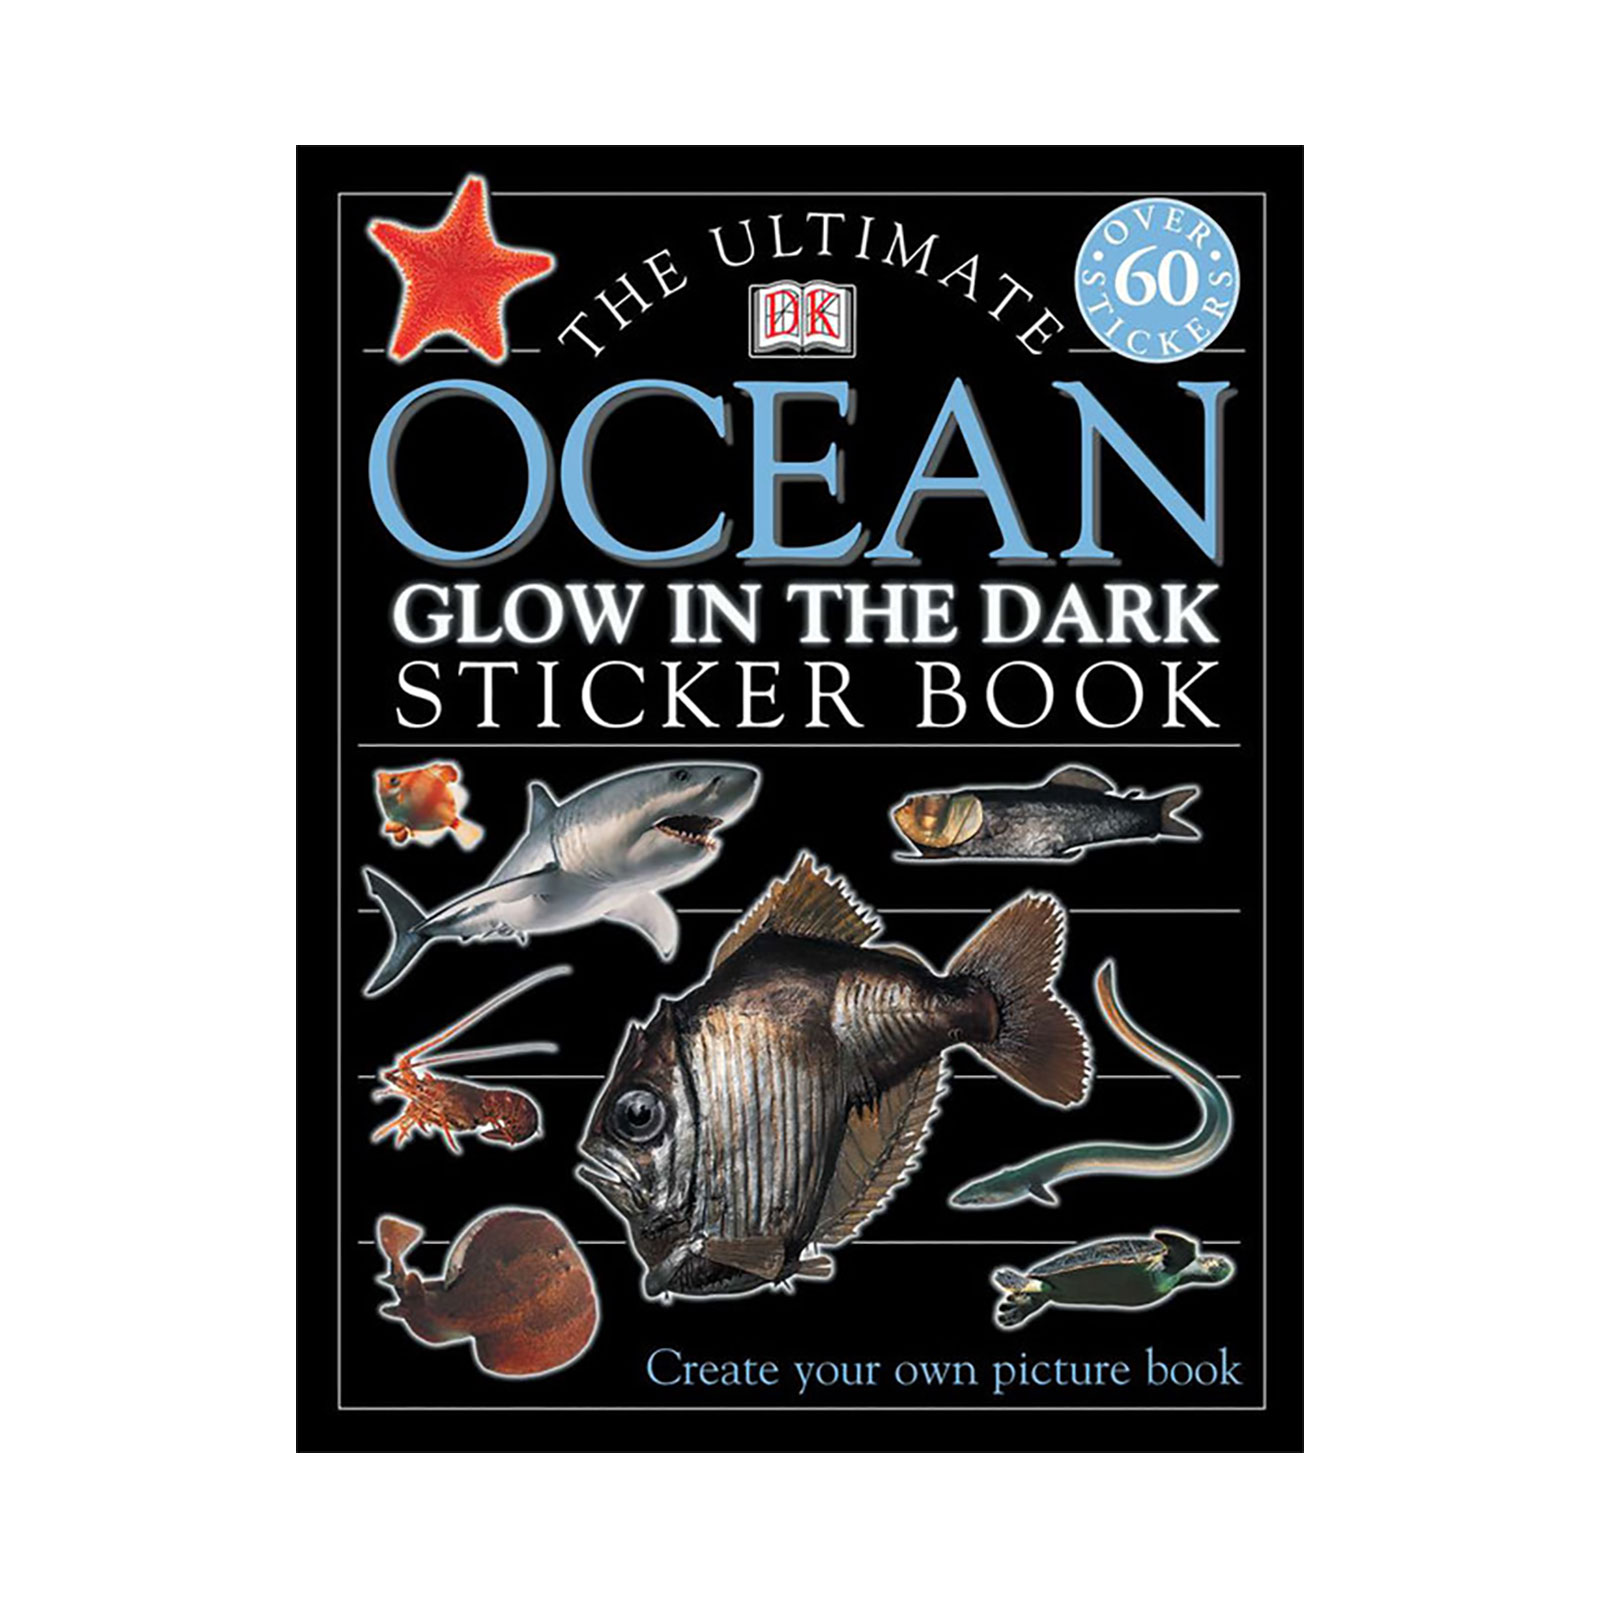 https://rustydelmar.com/wp-content/uploads/2023/03/the-ultimate-ocean-glow-in-the-dark-sticker-book.jpg
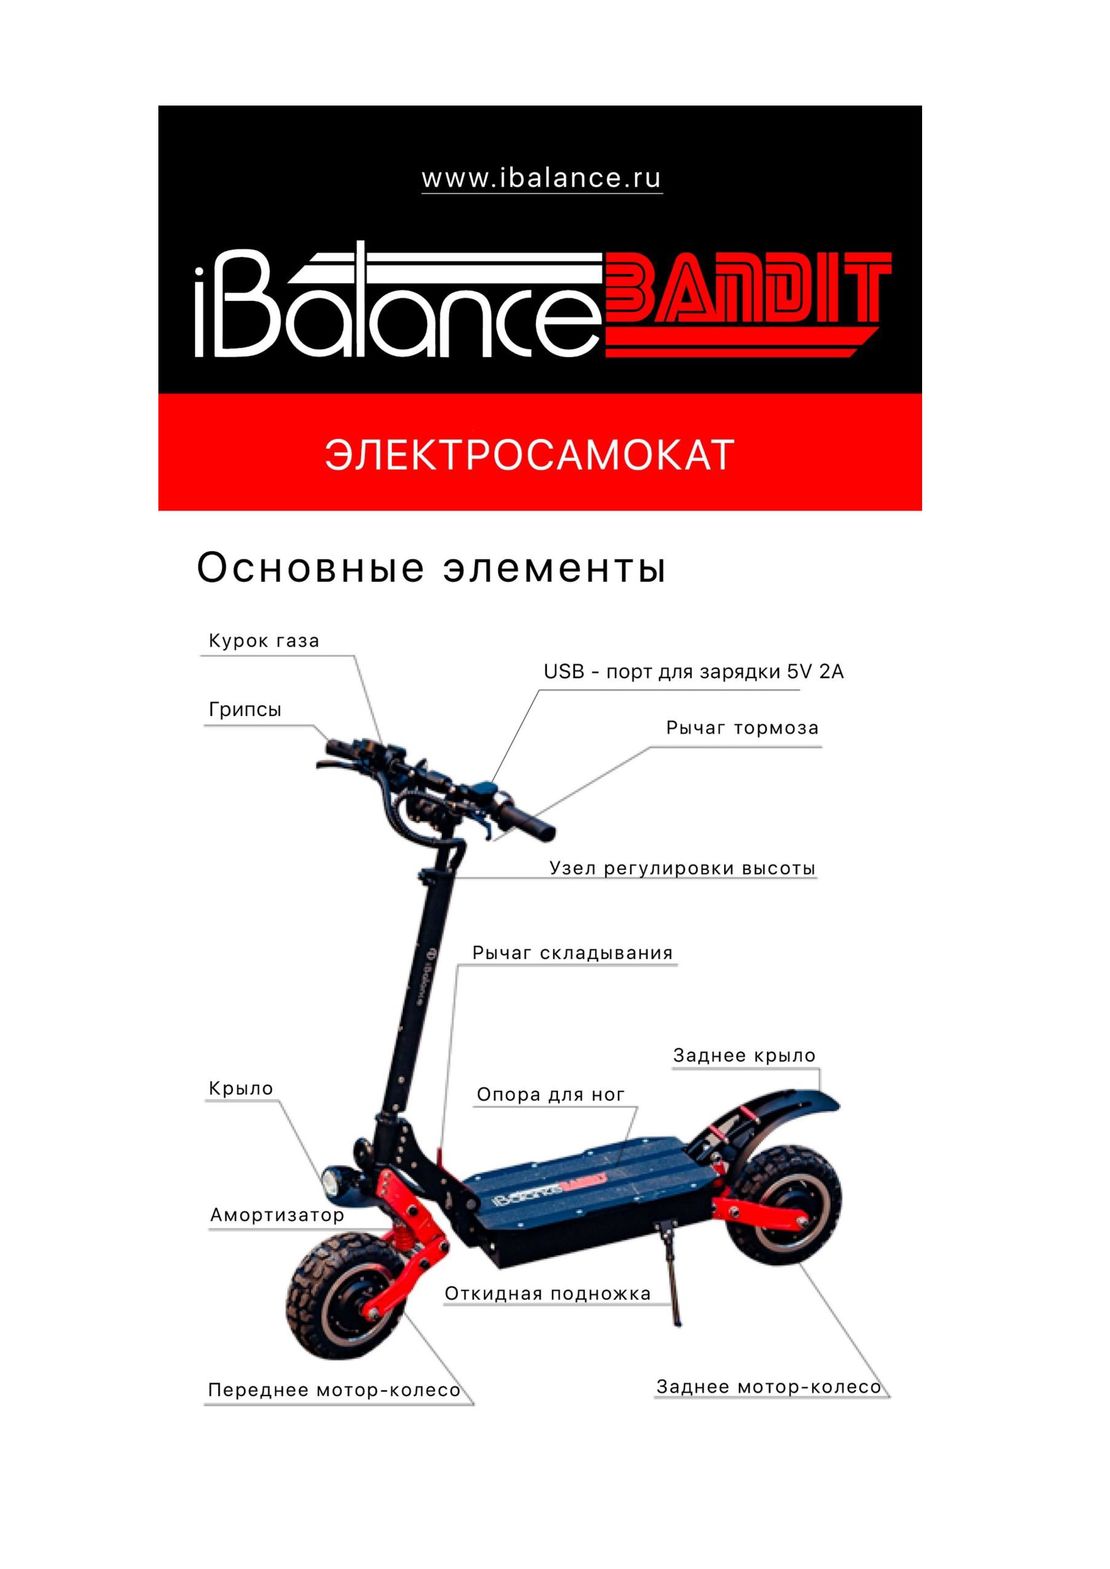 iBalance Bandit инструкция на русском
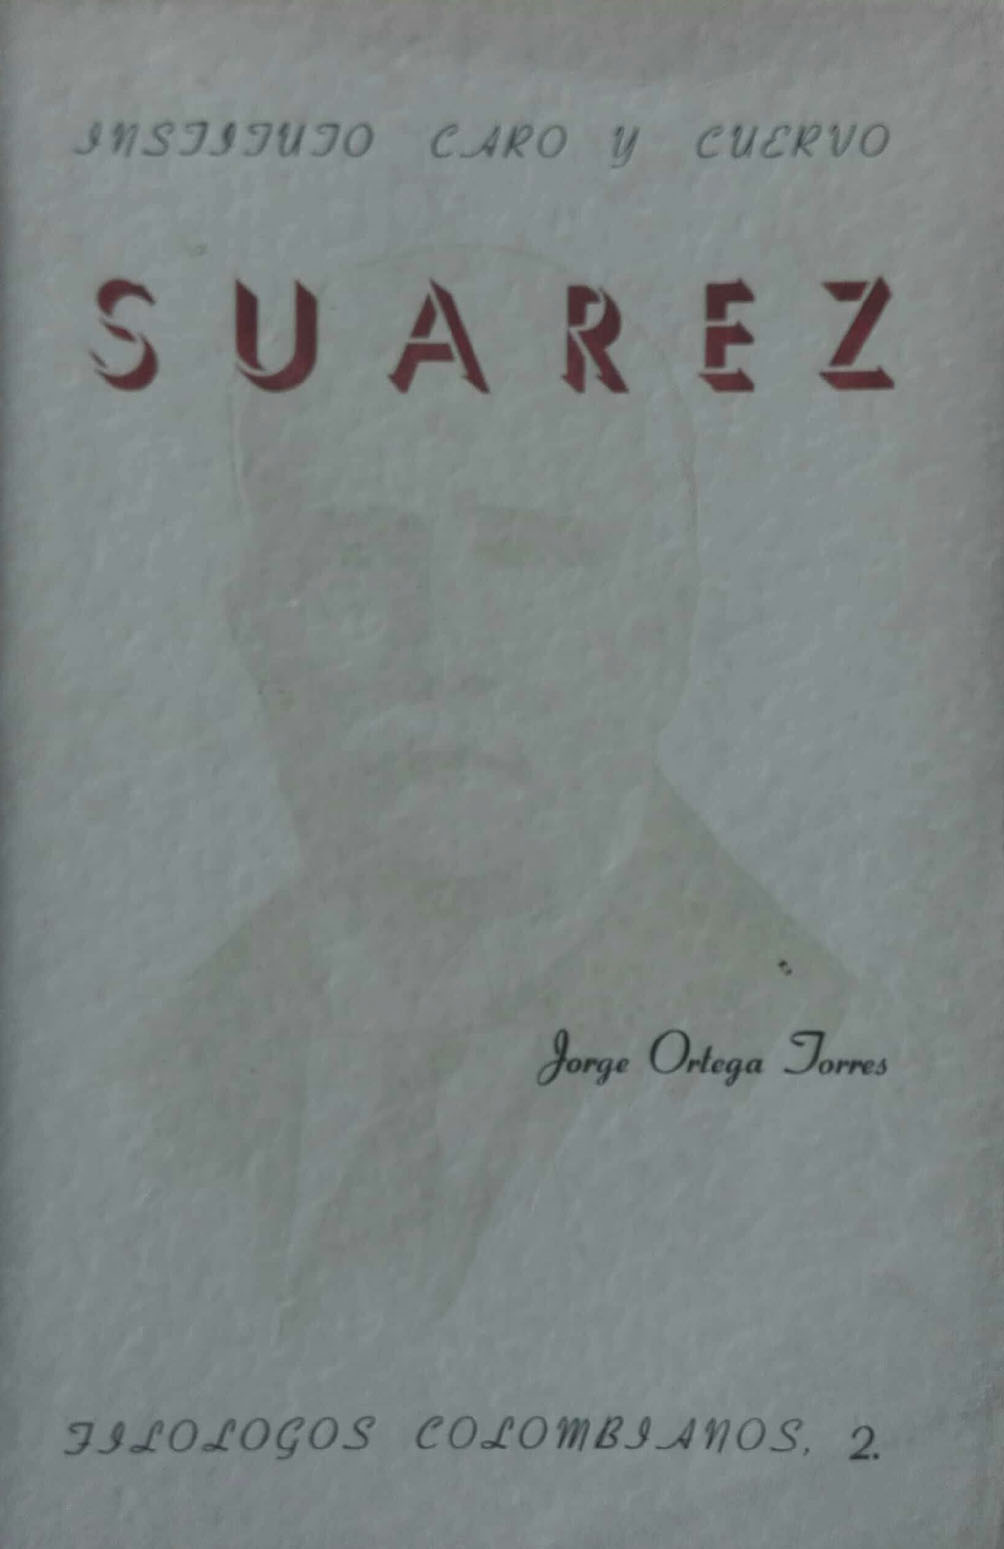 Marco Fidel Suárez

━━━━━━━━

- _WHAT THE EXERCISE ASKS_: Exact reproduction is required for the lines from the one containing "iBalance Bandit инструкция на русском" through the end of the material, and for those lines only, without pictures.

- _ANSWER AREA_:
 iBalance Bandit инструкция на русском
 Marco Fidel Suárez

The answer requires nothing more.